▶ _What the exercise asks_:
From the material below, retype exactly the lines that begin at the line with "Buy Puma Mens" and end after the line with "Mũ bảo hiểm"; pictures stay out of the copy.

▶ _Dataset content_:
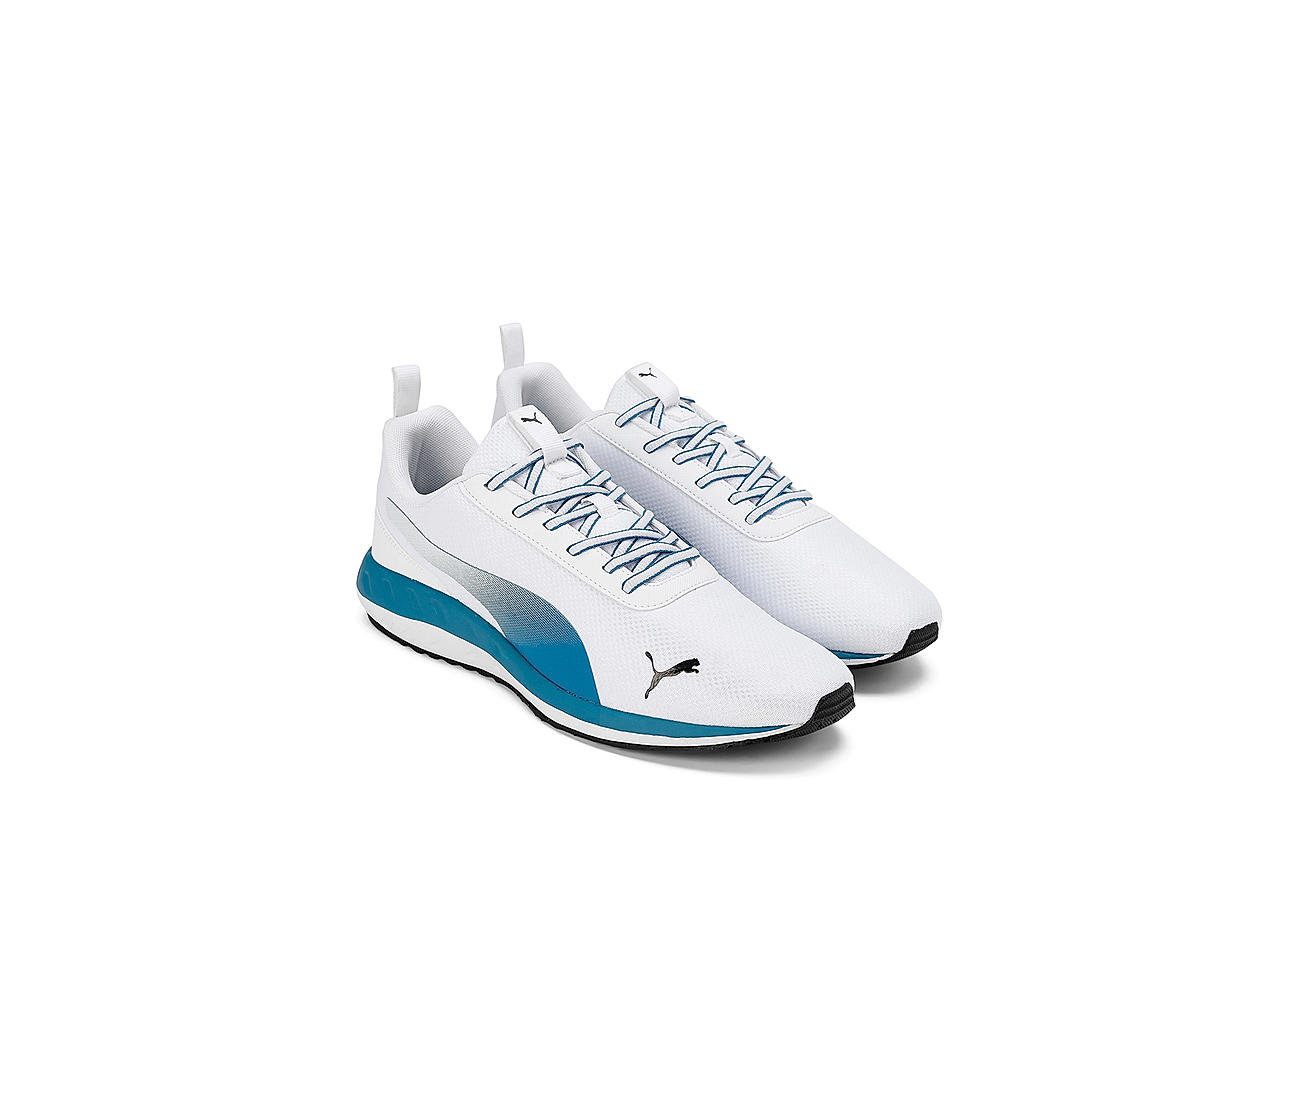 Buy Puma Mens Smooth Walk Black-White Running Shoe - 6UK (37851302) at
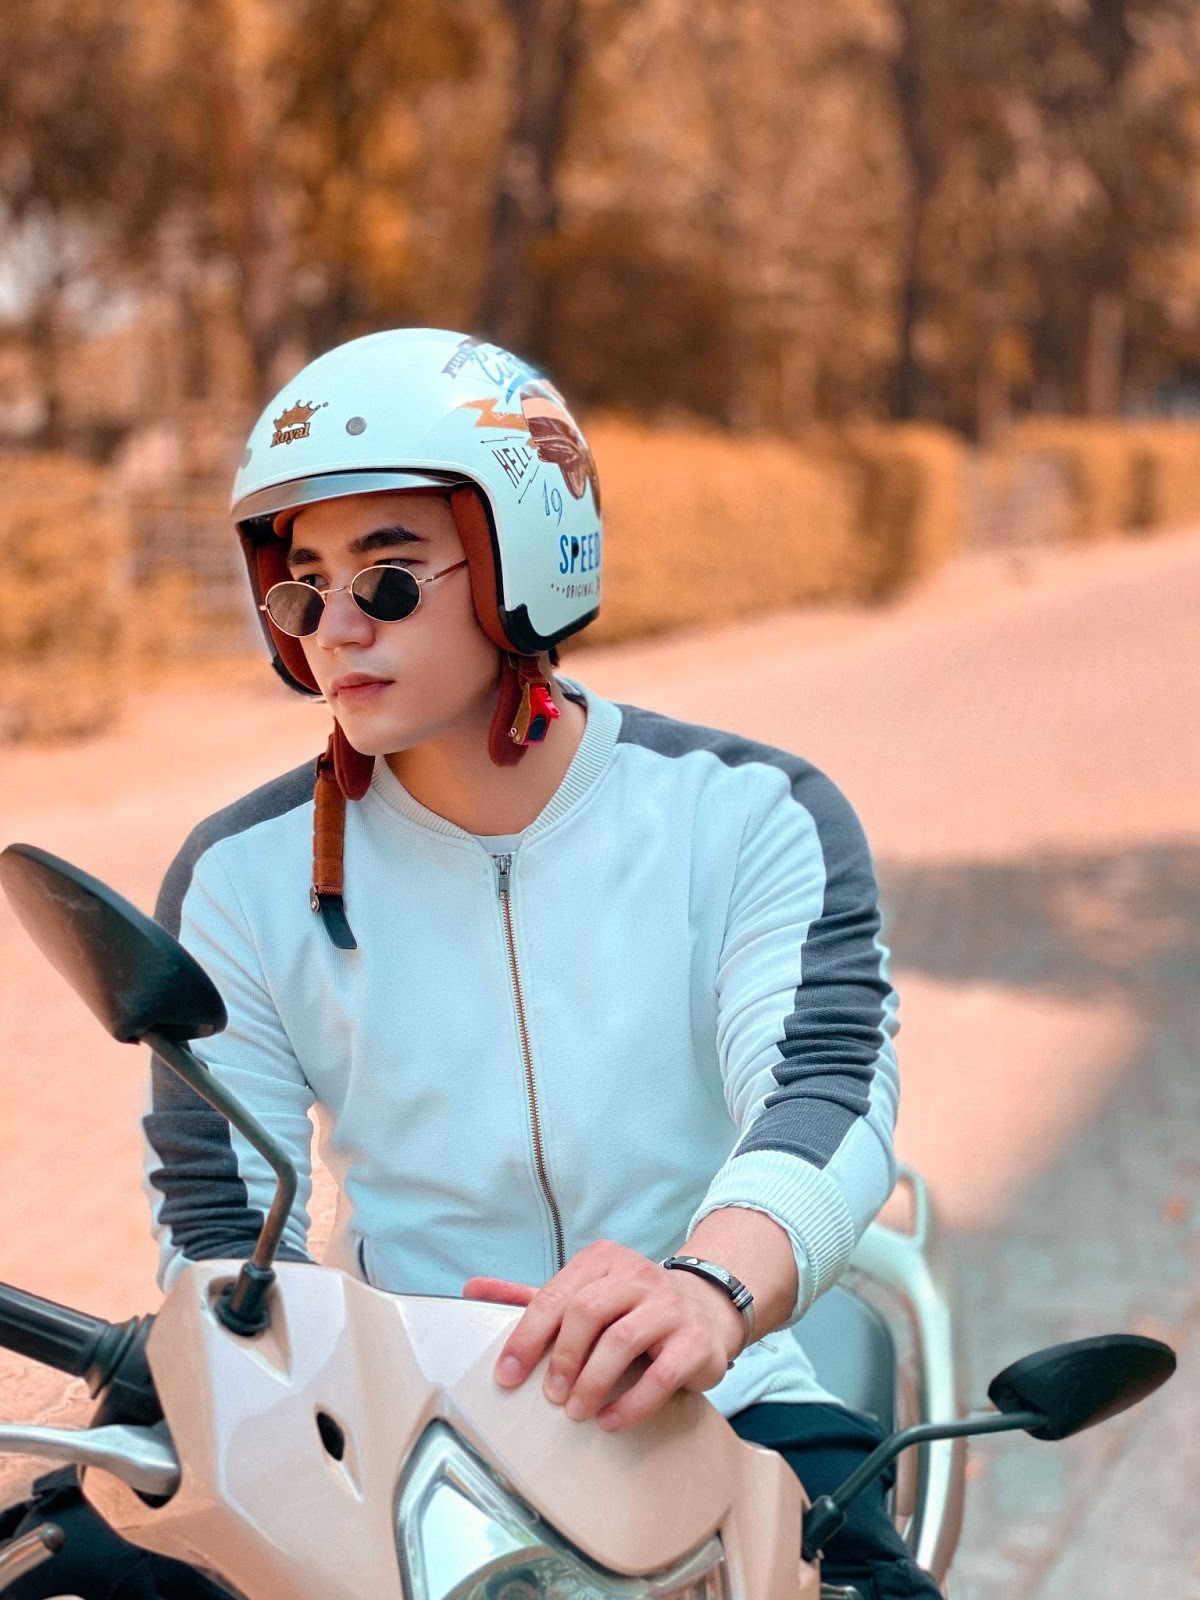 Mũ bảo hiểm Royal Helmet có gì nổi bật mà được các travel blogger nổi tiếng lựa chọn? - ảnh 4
...
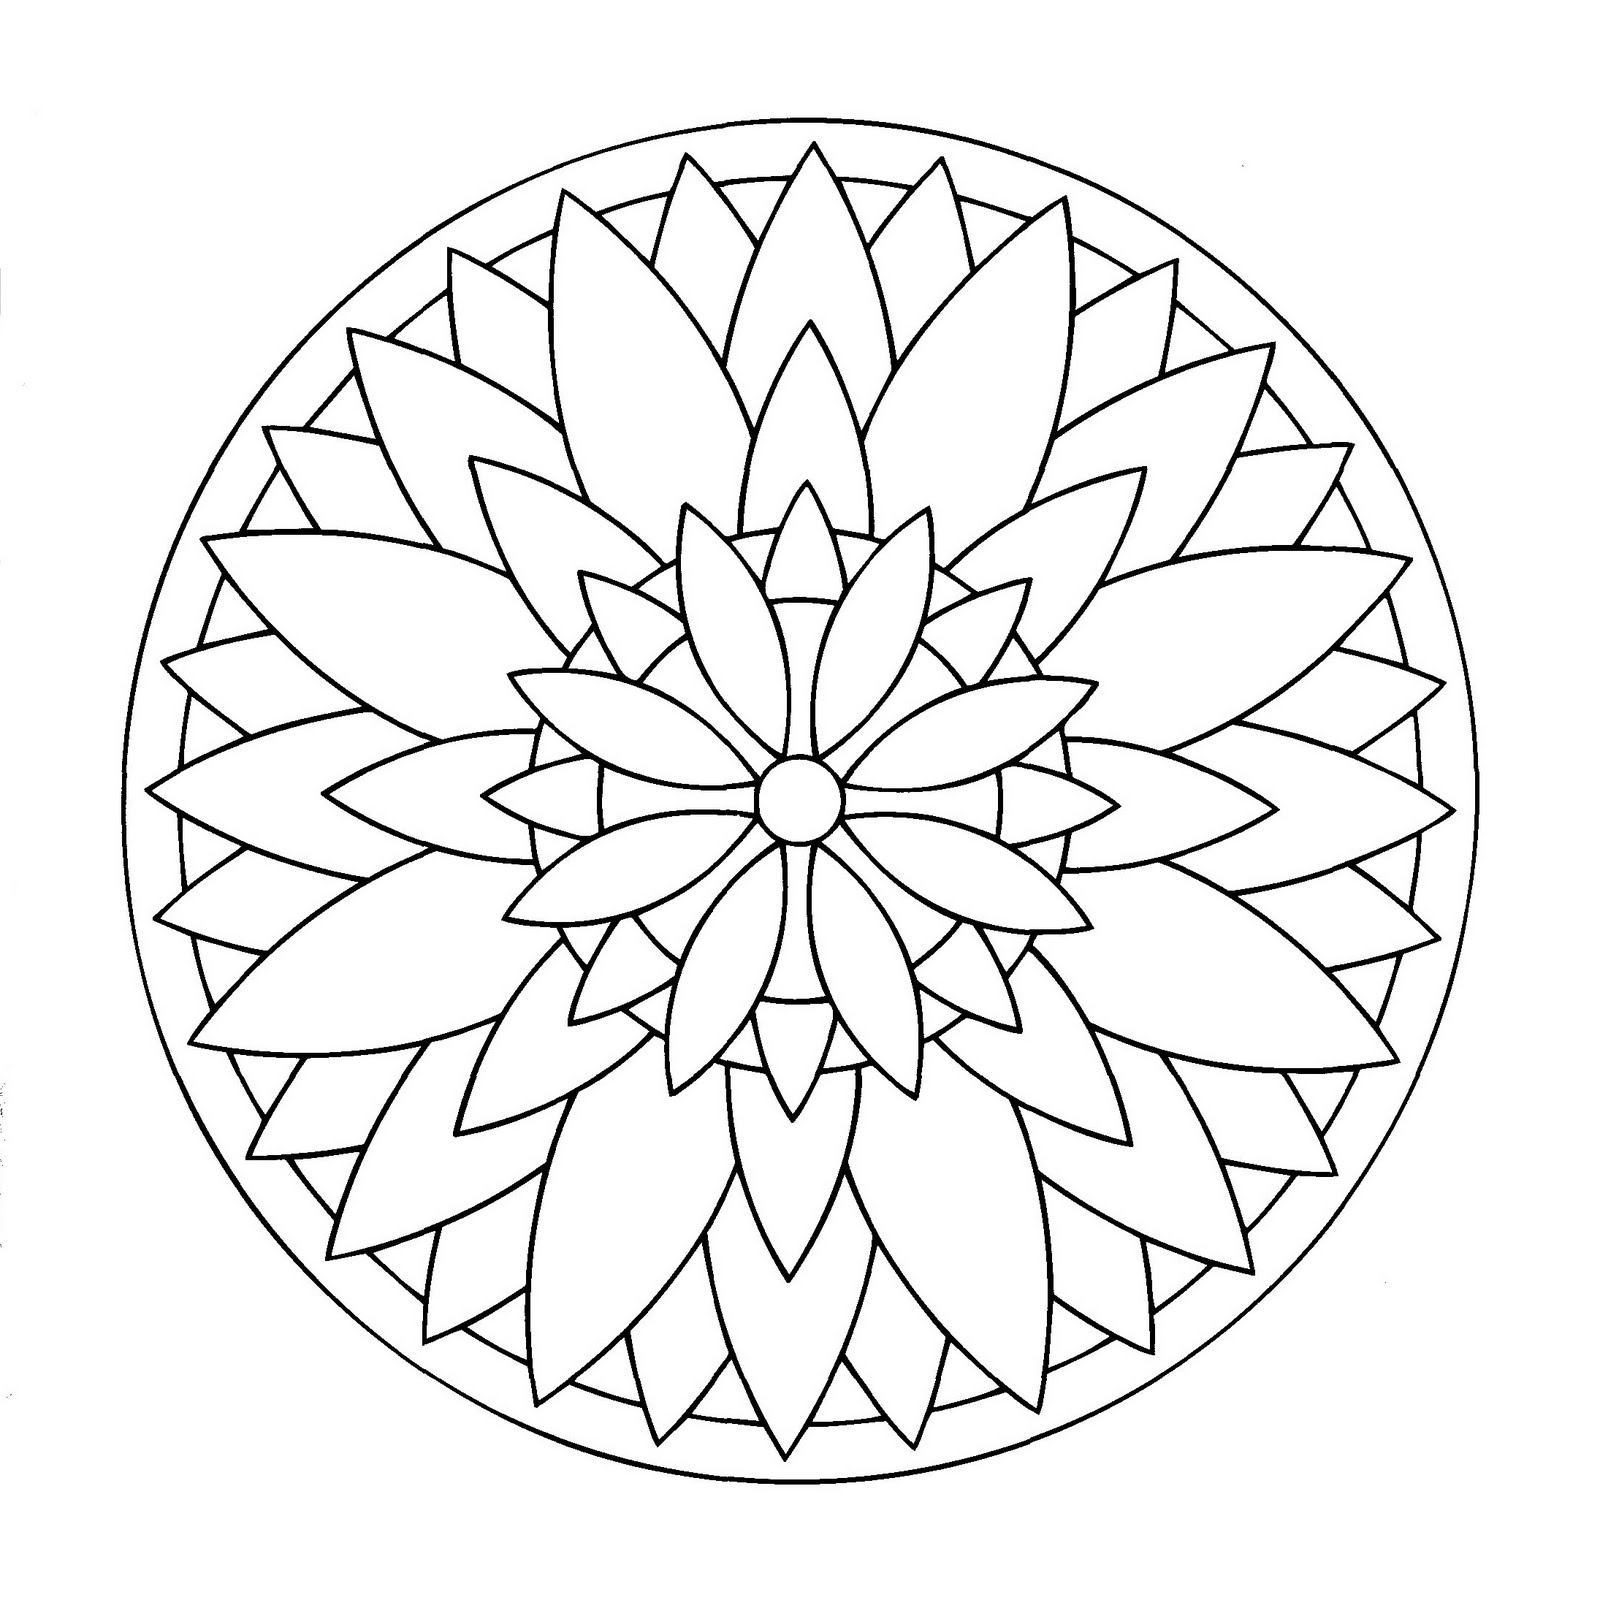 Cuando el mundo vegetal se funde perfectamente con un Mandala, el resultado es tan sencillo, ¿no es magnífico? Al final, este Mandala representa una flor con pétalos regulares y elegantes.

▶ _Answer to the problem_:
 Buy Puma Mens Smooth Walk Black-White Running Shoe - 6UK (37851302) at
 Mũ bảo hiểm Royal Helmet có gì nổi bật mà được các travel blogger nổi tiếng lựa chọn? - ảnh 4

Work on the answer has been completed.